Former Center for Oral Biology Chair William Bowen Dies
William H. Bowen, B.D.S., Ph.D. passed away suddenly on November 15, 2016.
Dr. Bowen, originally from Enniscorthy, Ireland, received his B.D.S. from the National University of Ireland, and then moved to Rochester for his residency and master’s degree from the Eastman Dental Center and the School of Medicine and Dentistry, respectively. He returned to England for his doctoral work at the University of London, in oral bacteriology and cariology.
In the ensuing years, Dr. Bowen held several Fellowships at the Royal College of Surgeons (London), before returning to the United States as the Chief of Caries Prevention and the Research Branch of the National Caries Program at the National Institute for Dental Research at NIH. In 1982, he returned to Rochester, as the Margaret and Cy Welcher Professor of Dental Research, the Chair of Dental Research (now the Center for Oral Biology, part of Eastman Institute for Oral Health) and Professor of Microbiology & Immunology in the School of Medicine and Dentistry.
Dr. Bowen was a highly accomplished scientist, mentor, and leader in his field. He consulted for numerous countries on oral health and caries prevention, in addition to his service to the FDA, the Public Health Service, the Federal Trade Commission, the European Commission, and the American Dental Services. He held every elected office in the International Association for Dental Research, the American Association for Dental Research, and he was a Fellow of the American Association for the Advancement of Science, the European Organization for Caries Research, and member of the National Academy of Sciences Institute of Medicine of the United States. He was also an elected member of the College of Surgeons of England and the College of Surgeons of his native Ireland.

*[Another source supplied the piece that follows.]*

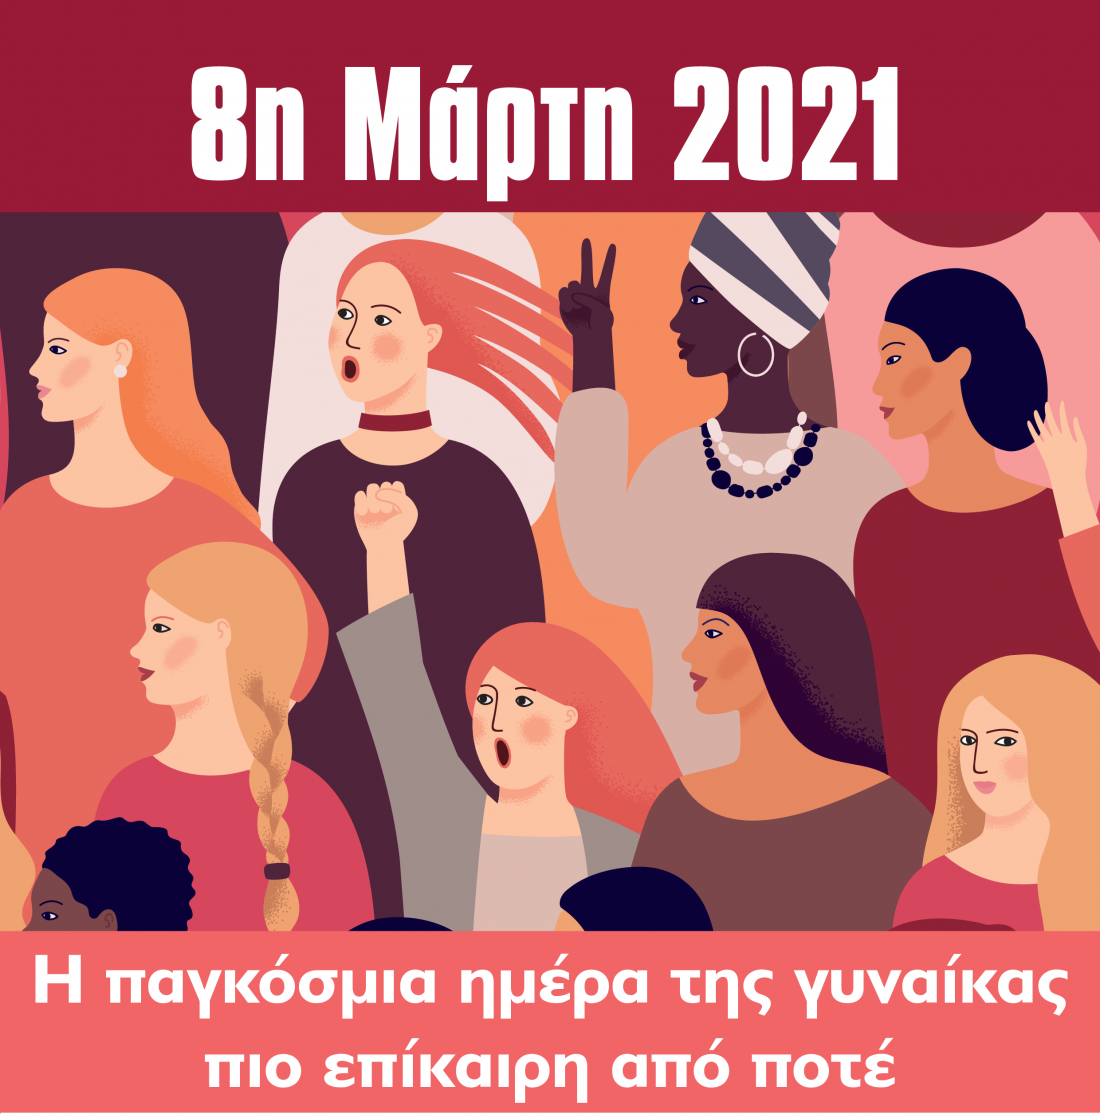 «Ενώνουμε δυνάμεις για πραγματική ισότητα» το μήνυμα της ΑΔΕΔΥ
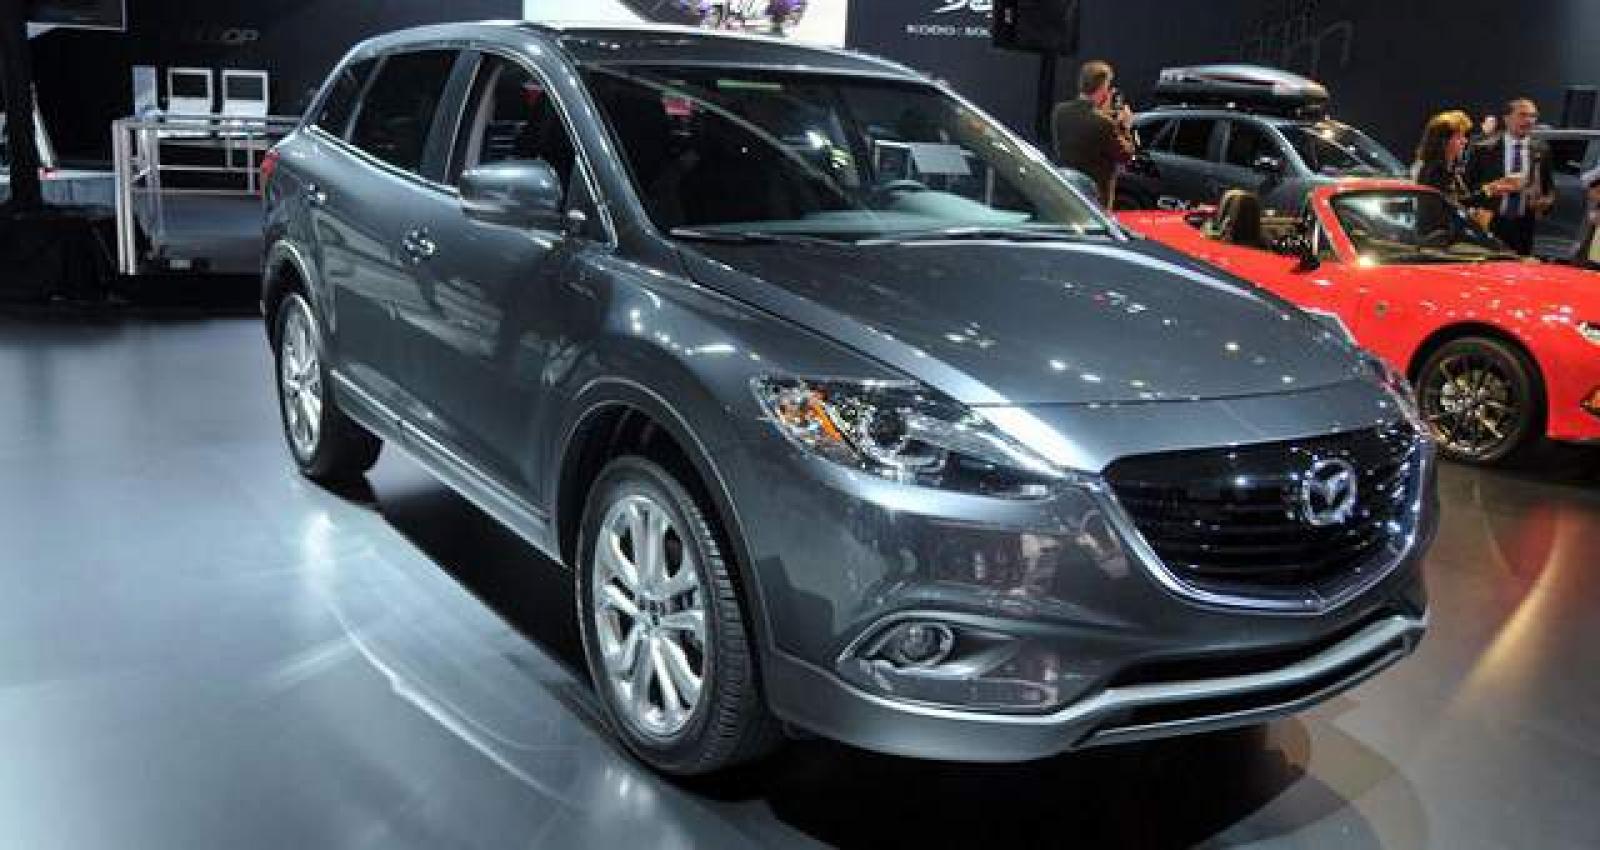 800 1024 1280 1600 Origin 2015 Mazda CX 9 ...

Dr. Bowen published more than 300 articles, books, and book chapters and received five honorary doctorates from Institutions outside of the United States.
His is survived by his wife Carole, their five children and their 11 grandchildren. He will be greatly missed by his family, his friends in the scientific and equestrian communities, and those of us fortunate enough to have been his colleagues and students.